Home is…

Too cheesy to say “where the heart is” ?

Probably. But it’s true.

home

I’ve been thinking a lot about home lately. Not just because Nablopomo told me to think about it – it’s their theme for June, but ABOUT home. About where it is, how you know it, how you hold onto it, how you move to be sheltered by it when it shifts.

It started with a trip home. Well, to the home where I grew up, the town I grew up. “my hometown…. this is myyy home town…” It was a trip to take my boyfriend “home.” So where you grow up? That must be home.

On that trip, I went literally home, back to the source, to THE home, the physical home where I grew up; the home, serendipitously enough, that one of my very bestest friends in the 3rd, 4th, 5th grades had just purchased… with her husband…. and baby.

It filled me with joy. Here was the home where she and I had played. She could teach her son that the evergreen tree was hollow inside if you poked in just the right way, that the basement cabinets made an excellent clubhouse, that the spot to the left of the staircase was perfect for spying on whoever was below.

V had been there when my dad passed the rule “no more dr. scholls.” Too many girls were getting the think wooden heels of those monstrosities stuck on our thin deck and being catapulted into the backyard! She was there for birthday parties, scavenger hunts, t ball games and trips to ground round for sundaes in baseball caps.

I couldn’t wait to see it.

But I also was afraid. This was the home where my father, and my memories of him, lived. And it was the home where he died, making the brightest and shiniest of those memories hard to see and feel, even though they were there somewhere still. I didn’t think I would get to see this house again and I was so grateful to V for buying it, and more, for breathing life into it through her young family, particularly her little boy.

I worried that seeing the house, how small it probably really was in comparison to the largess of my imagination, would make the grandness of my memories shrink too. I worried that it would turn a vacation into a mourning period, for lost childhoods, my lost father. I worried that all the work I’ve done to finally, finally, slowly, achingly push past the grief and that little girl me, would be flooded over, drowned with the resurgence of emotion.

But it didn’t happen. V bounded down the stairs, nervous that she hadn’t cleaned up enough for me. She took us on a tour. Some things looked smaller, some closer or further; some had actually changed. Her husband and son came home, friendly and inviting and welcoming. Her son handed me some baseball cards, telling me who was who, then sat at his table in his dining room for peanut butter and jelly. It warmed my heart.

And I was flooded all right. With love, with hope, with heart. With home.

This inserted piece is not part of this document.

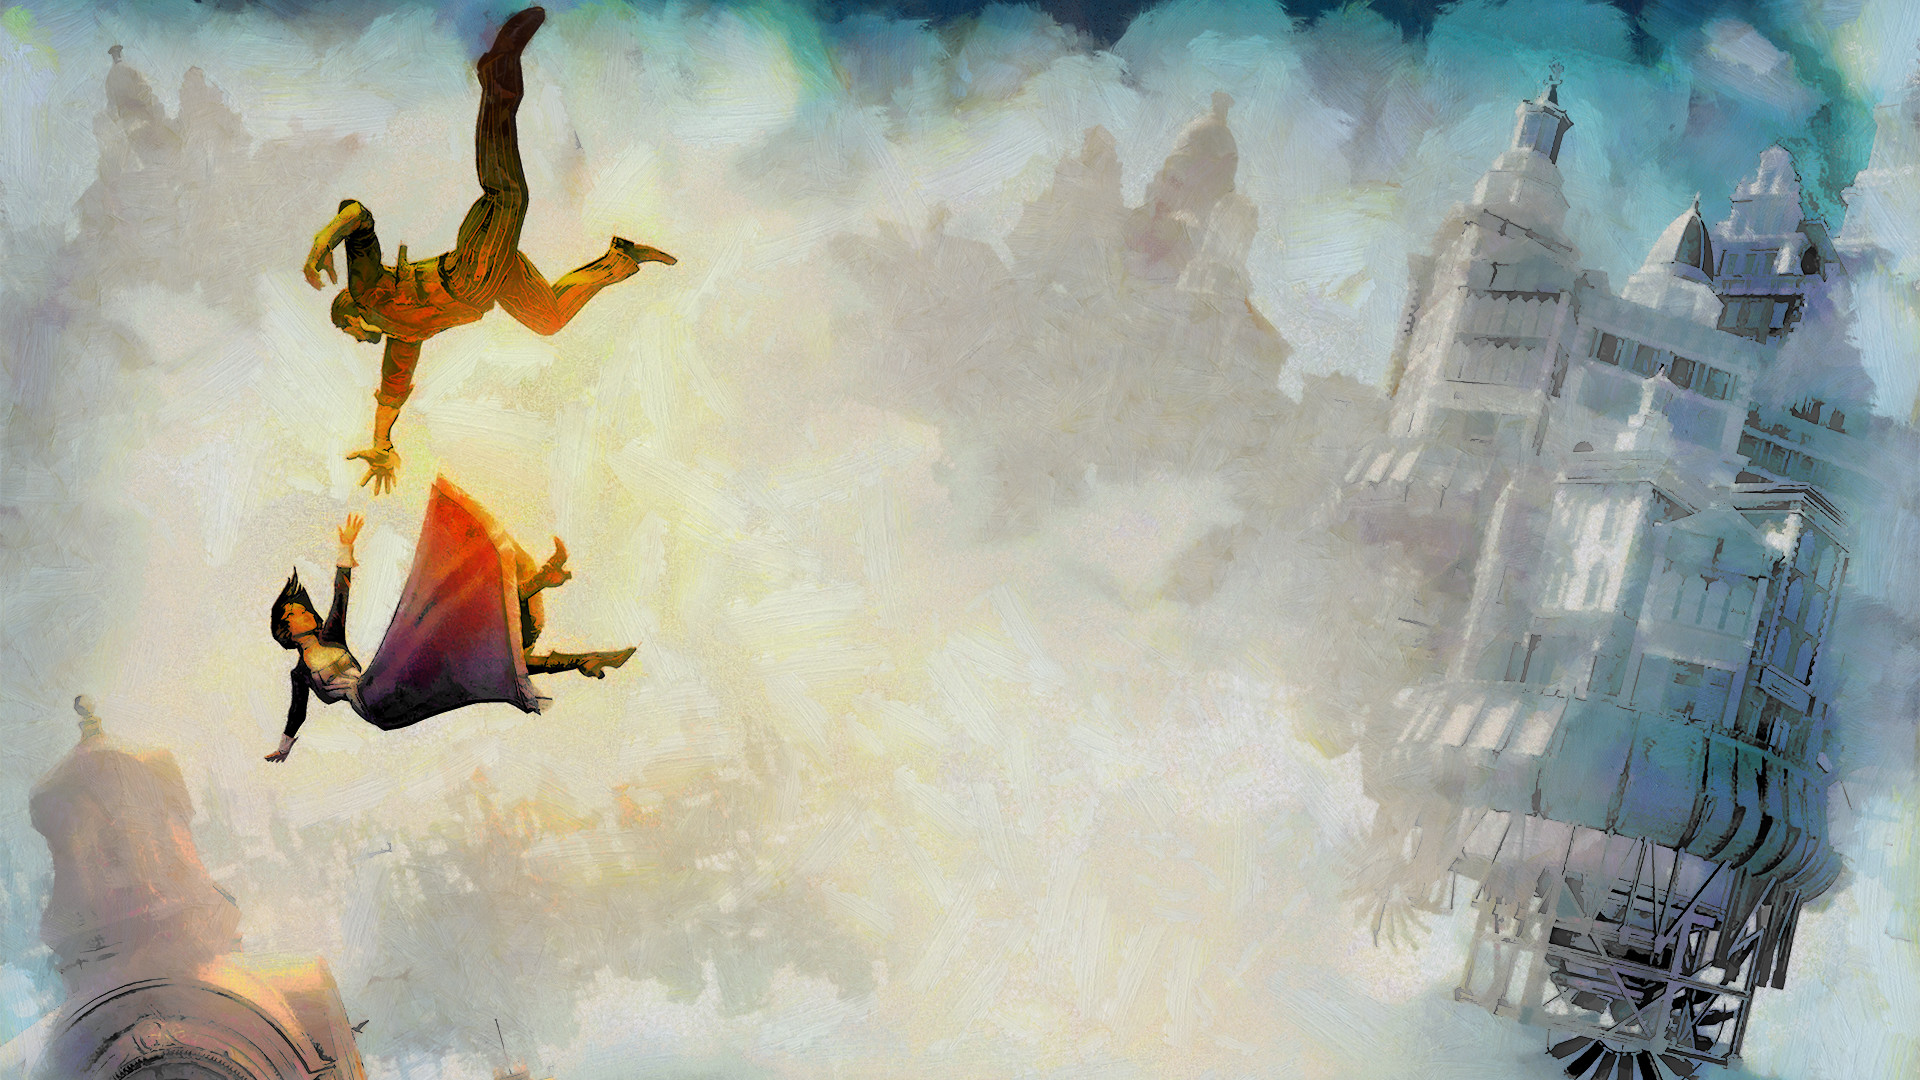 Bioshock Infinite HD Wallpapers Backgrounds Wallpaper

Look for more on “home” all this month

9 Comments

  1. Nancy said,

    Wrote on June 16, 2008 @ 4:50 pm

    I haven’t been back to my childhood home, though I drive by whenever I’m in the area (near one of your old haunts, I think: central NY). Sometimes I feel like there is still a piece of me left behind in that house, although it’s certainly different inside by now.

  2. soupisnotafingerfood said,

    Wrote on June 16, 2008 @ 9:32 pm

    I have been by the house I grew up in a bunch of times since we vacated in 1985, but have yet to knock on the door and walk around. I do see it in my dreams, though, every once in a while, and that’s actually enough for me. For now.

  3. Mom said,

    Wrote on June 17, 2008 @ 4:01 pm

    Nice essay! Did you share with V>? I liked it a lot.

  4. Maggie, dammit said,

    Wrote on June 18, 2008 @ 5:46 pm

    I still dream of my childhood home at least once a week.

  5. germaine said,

    Wrote on June 18, 2008 @ 6:16 pm

    🙂 so sweet… I lost my mom four years ago, so I know what you meant…

    btw… you abandonded plurk club… 😉

  6. washwords said,

    Wrote on June 19, 2008 @ 9:48 am

    @ everybody: It’s touching to know so many still think of home like I do and I’m sorry to hear so many also have bittersweet and hard or grieving memories.

    @ germaine: you’re right! I HAVE abandoned plurk club…. or HAVE I? perhaps I am there incognito to see if you are remembering the rules of plurk club! (i’m not, so are you? I’ll try to come back!)